Going into the final week of the season, Rutgers had clinched at least a share of the Big East title, but it was possible that the season could end with a three-way or a four-way tie for the conference championship. The scenarios were:
- Rutgers would win the title and the Big East BCS berth outright with a win over Louisville on November 29.
- If Louisville won, it would create a three-way tie between the two schools and Syracuse. Cincinnati could then join the logjam atop the conference with a win over UConn on December 1.

The conference's BCS berth would then be decided by tiebreakers. Under Big East rules, the first tiebreaker among three or more teams is head-to-head record among the tied teams, followed by the BCS standings.

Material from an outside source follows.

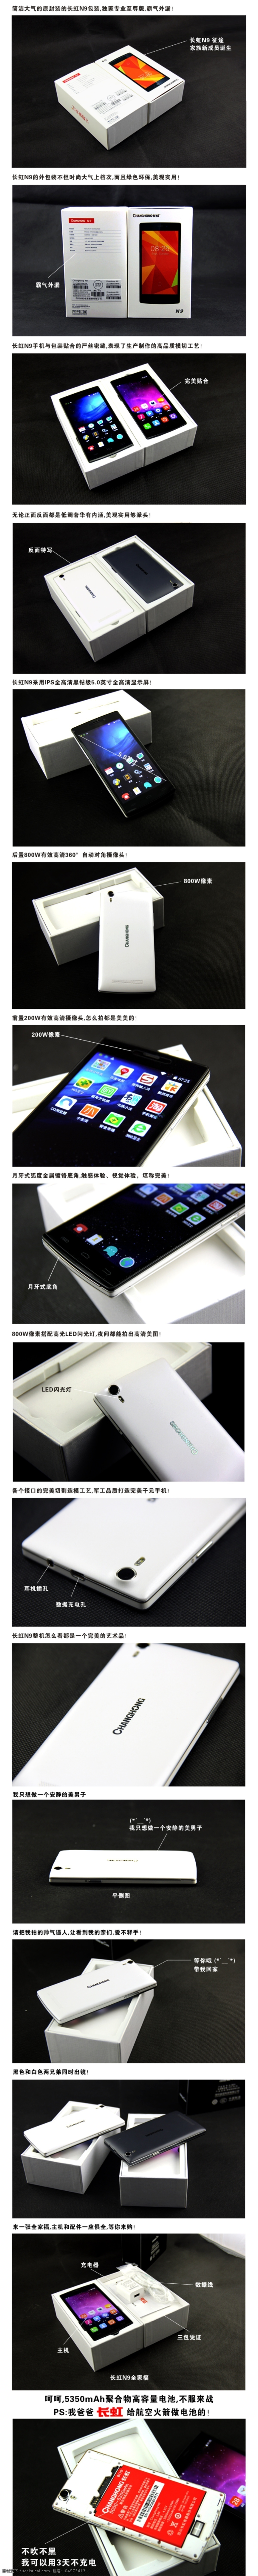 长虹 n9 手机 实物 拍摄 详情 页 原创设计 原创淘宝设计

A three-way tie would go to the BCS standings, since Louisville, Rutgers, and Syracuse finished 1–1 against one another. In a four-way tie, Cincinnati and Syracuse would be eliminated with 1–2 records against the other three teams, with the BCS berth then going to the higher-ranked team between Louisville and Rutgers. The conference said that Louisville would most likely receive the BCS berth if it defeated Rutgers, and that proved to be the case, with the Cardinals claiming the league's BCS berth.

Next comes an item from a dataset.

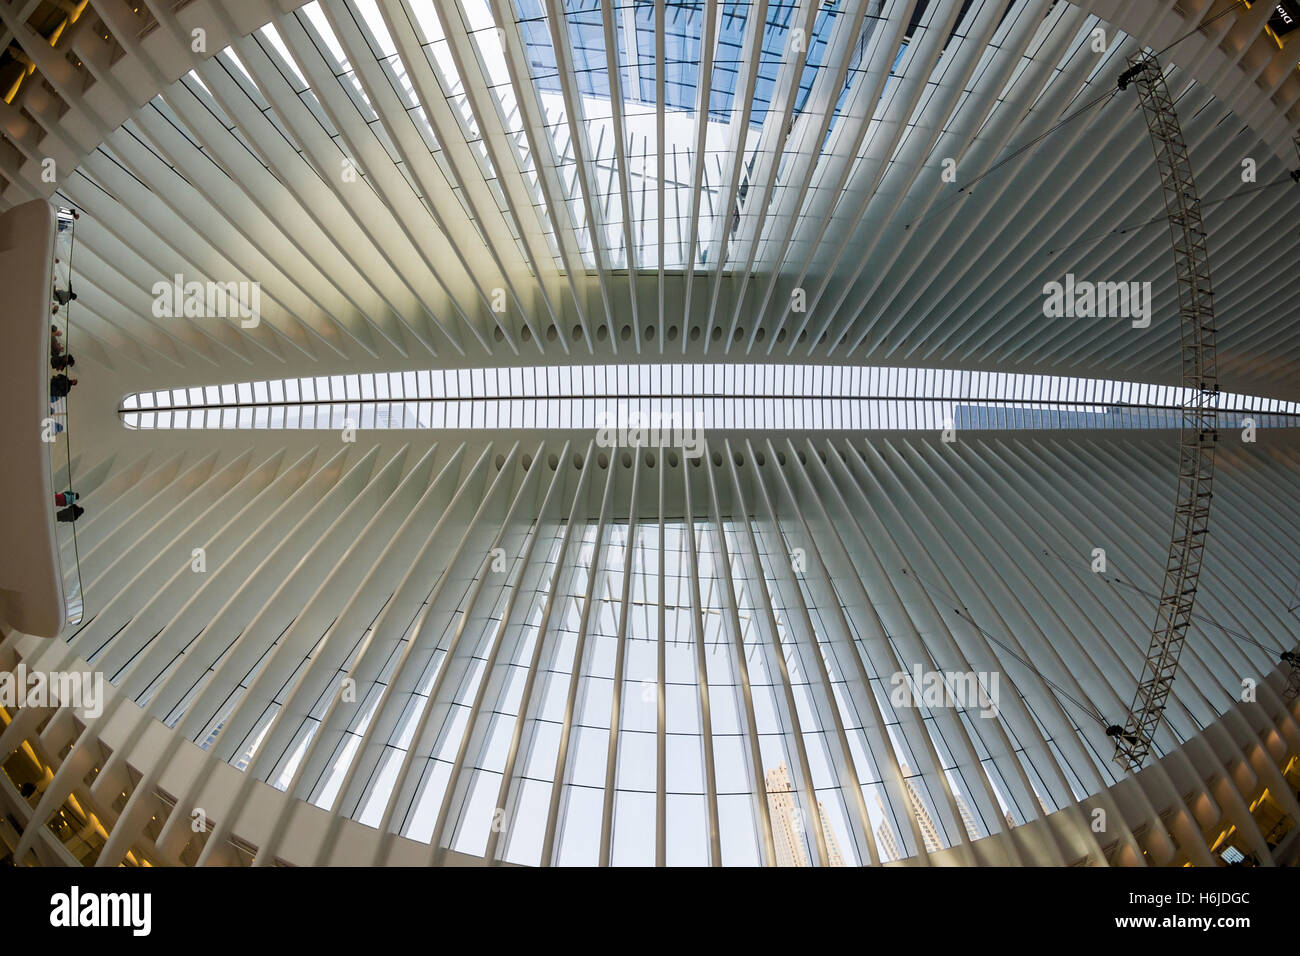 New York, NY Oculus Verkehrsknotenpunkt am World Trade Center, im Jahr 2016 fertiggestellt, bietet 250.000 Port Authority Trans-Hudson (PATH) Pendler und Millionen jährlichen Besuchern aus der ganzen Welt. © Stacy Walsh Rosenstock Stockfoto

Week off: Temple, Syracuse

| Date | Time | Visiting team | Home team | Site | TV | Result | Attendance | Ref. |
| November 29 | 7:30 pm | Louisville | Rutgers | High Point Solutions Stadium • Piscataway, NJ | ESPN | LOU 20–17 | 52,798 |  |
| December 1 | 3:30 p.m. | Cincinnati | Connecticut | Rentschler Field • East Hartford, CT | ABC | CIN 34–17 | 33,112 |  |
| December 1 | 7:00 p.m. | Pittsburgh | South Florida | Raymond James Stadium • Tampa, FL | ESPN2 | PITT 20–7 | 35,141 |  |
^{#}Rankings from AP Poll released prior to game. All times are in Eastern Time.

==Records against other conferences==

===Big East vs. BCS matchups===

| Date | Visitor | Home | Winning team | Opponent Conference |
|---|---|---|---|---|
| September 1 | Northwestern | Syracuse | Northwestern | Big Ten |
| September 2 | Kentucky | #25 Louisville | Louisville | SEC |
| September 8 | Maryland | Temple | Maryland | ACC |
| September 8 | NC State | Connecticut | NC State | ACC |
| September 8 | USC | Syracuse | USC | Pac-12 |
| September 15 | Virginia Tech | Pittsburgh | Pittsburgh | ACC |
| September 15 | Connecticut | Maryland | Connecticut | ACC |
| September 15 | North Carolina | Louisville | Louisville | ACC |
| September 22 | Rutgers | Arkansas | Rutgers | SEC |
| September 22 | Temple | Penn State | Penn State | Big Ten |
| September 22 | Syracuse | Minnesota | Minnesota | Big Ten |
| September 29 | Virginia Tech | Cincinnati | Cincinnati | ACC |
| September 29 | Florida State | South Florida | Florida State | ACC |
| November 3 | Pittsburgh | Notre Dame | Notre Dame | Independent |
| November 17 | Syracuse | Missouri | Syracuse | SEC |

==Bowl Games==

| Date | Time | Visiting team | Home team | Site | TV | Result | Attendance | Ref. |
| December 27* | 6:30 p.m. | Cincinnati | Duke | Bank of America Stadium • Charlotte, NC (Belk Bowl) | ESPN | W 48–34 | 48,128 |  |
| December 28* | 5:30 p.m. | Rutgers | Virginia Tech | Citrus Bowl • Orlando, FL (Russell Athletic Bowl) | ESPN | L 10–13 | 48,127 |  |
| December 29* | 3:15 p.m. | West Virginia | Syracuse | Yankee Stadium • Bronx, NY (Pinstripe Bowl) | ESPN | W 38–14 | 39,098 |  |
| January 2* | 8:30 p.m. | No. 21 Louisville | No. 3 Florida | Mercedes-Benz Superdome • New Orleans, LA (Sugar Bowl) | ESPN | W 33–23 | 54,178 |  |
| January 5* | 1:00 p.m. | Pittsburgh | Ole Miss | Legion Field • Birmingham, AL (BBVA Compass Bowl) | ESPN | L 17–38 | 59,135 |  |
^{#}Rankings from AP Poll released prior to game. All times are in Eastern Time.

==Players of the week==
Following each week of games, Big East conference officials select the players of the week from the conference's teams.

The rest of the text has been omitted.